A long line of disagreements – over Henry’s mismanagement of a campaign in Poitou, and then over de Montfort’s heavy-handed administration of Gascony – led to de Montfort becoming the leader of the rebel barons in the later 1240s and into the confrontations of the 1250s, where he led the deputation which forced Henry to accept the Provisions of Oxford.

A complicated sequence of failed negotiations led up to the Battle of Lewes on 14 May 1264, the first set-piece battle on English soil in a century. The rebels won, capturing the King, Lord Edward, and Richard of Cornwall, Henry’s brother and the titular King of Germany. This led to the Great Parliament of 1265 (also known as de Montfort’s Parliament). For the first time representatives were invited from all the counties and selected boroughs of England. Voting rights were discussed. All this is the seeds of modern democracy.

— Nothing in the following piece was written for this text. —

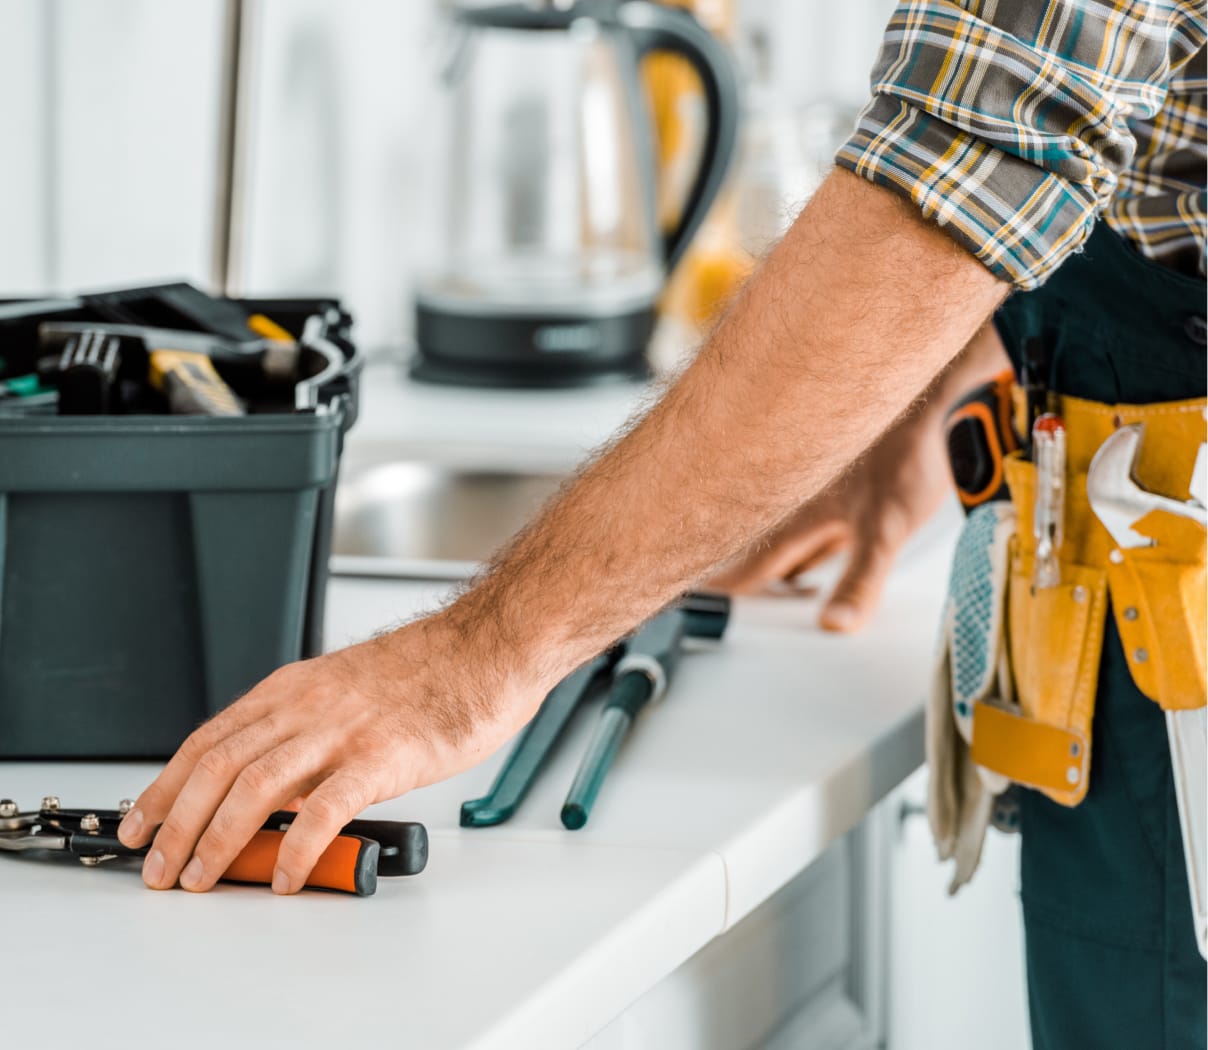 Worker wearing a tool belt reaching for tools on a counter

But Henry’s son, Prince Edward, escaped from captivity and rallied royalist nobles as well as Welsh rebels and this led to a pitched battle with de Montfort’s forces at Evesham (4 August 1265), which was a decisive royalist victory.

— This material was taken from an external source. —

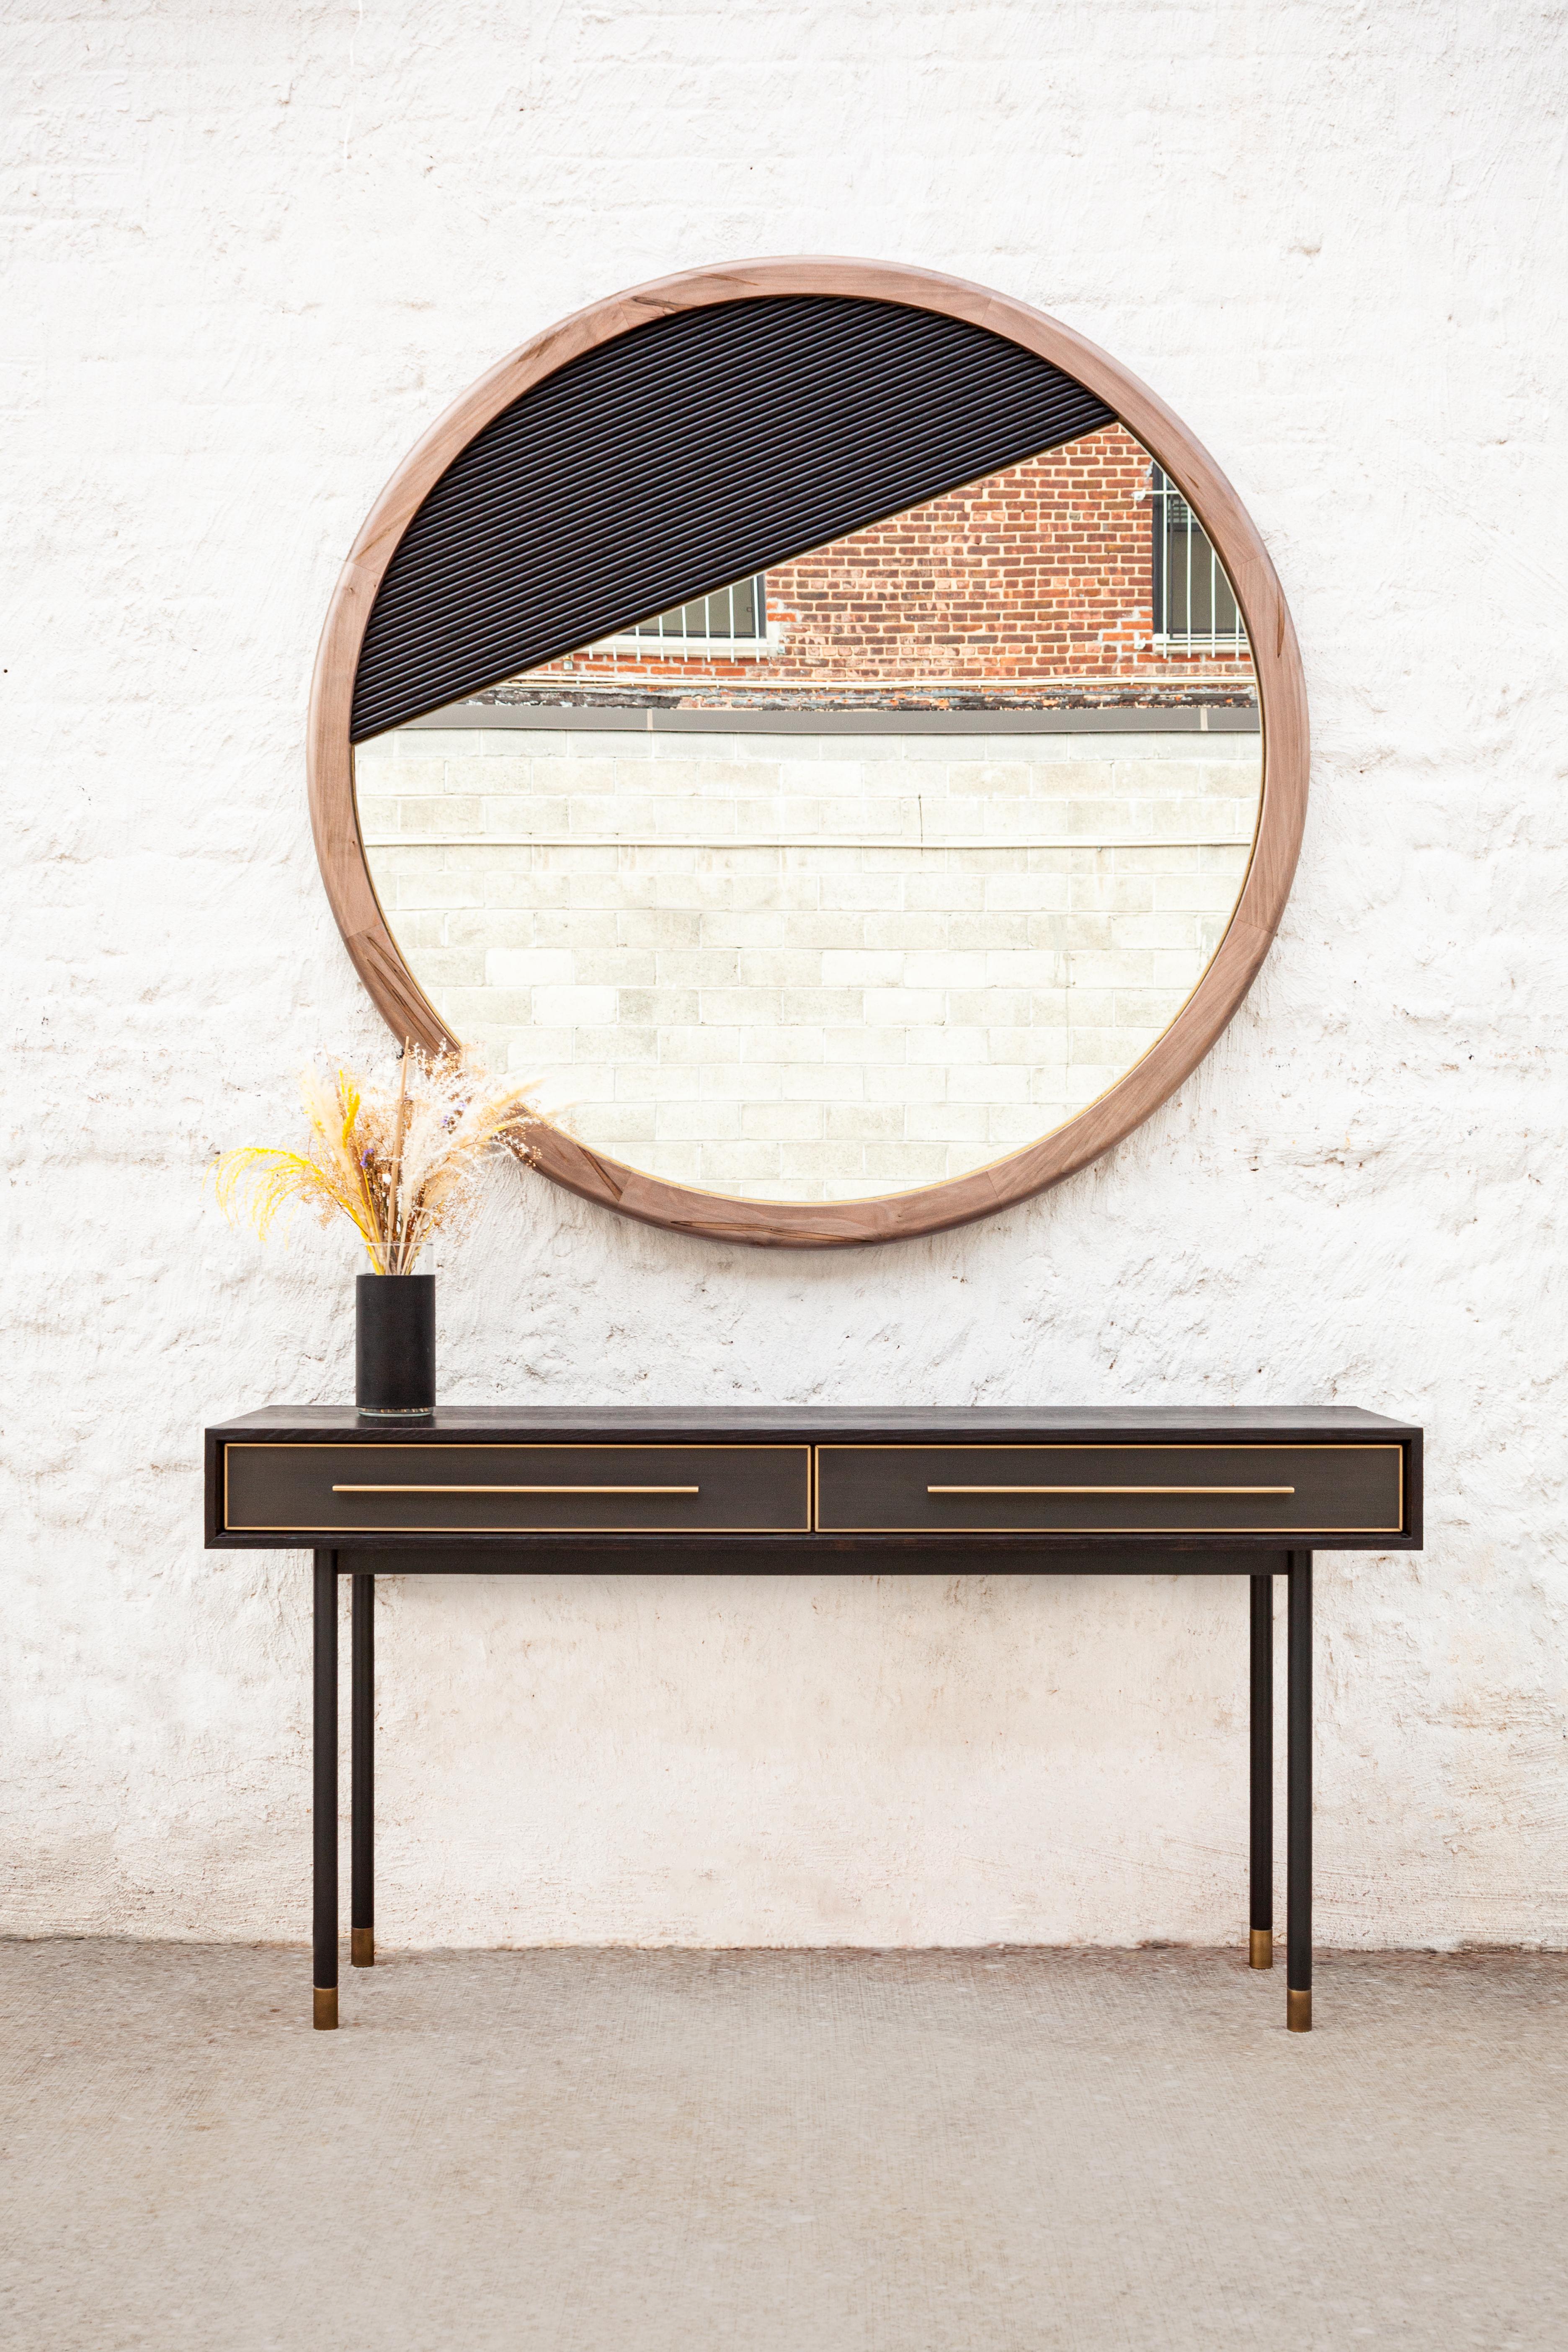 We like surprises, like the hint of gold leaf peeking out from the frame, and fluted white oak overlay, on our Kenmare mirror. A special collaboration with designer Melanie Morris, this bolder departure from previous pieces incorporates some of our

Jones describes how a 12-man hit squad was commissioned to roam the battlefield, ignoring all distractions, with the sole task of finding and killing de Montfort. They succeeded. Montfort’s body was mutilated, his testicles, hands and feet cut off. To later generations he became a sort of patron saint of representative government. Today, De Montfort University in Leicester is named after him.

Henry III was once again titular king but he was a broken, dithering old man. The real power in the land during his last few years was his forceful and energetic son, Edward (named after Henry’s icon, the last Anglo-Saxon king of England, Edward the Confessor) who turned out to be a very different character from his saintly Saxon namesake.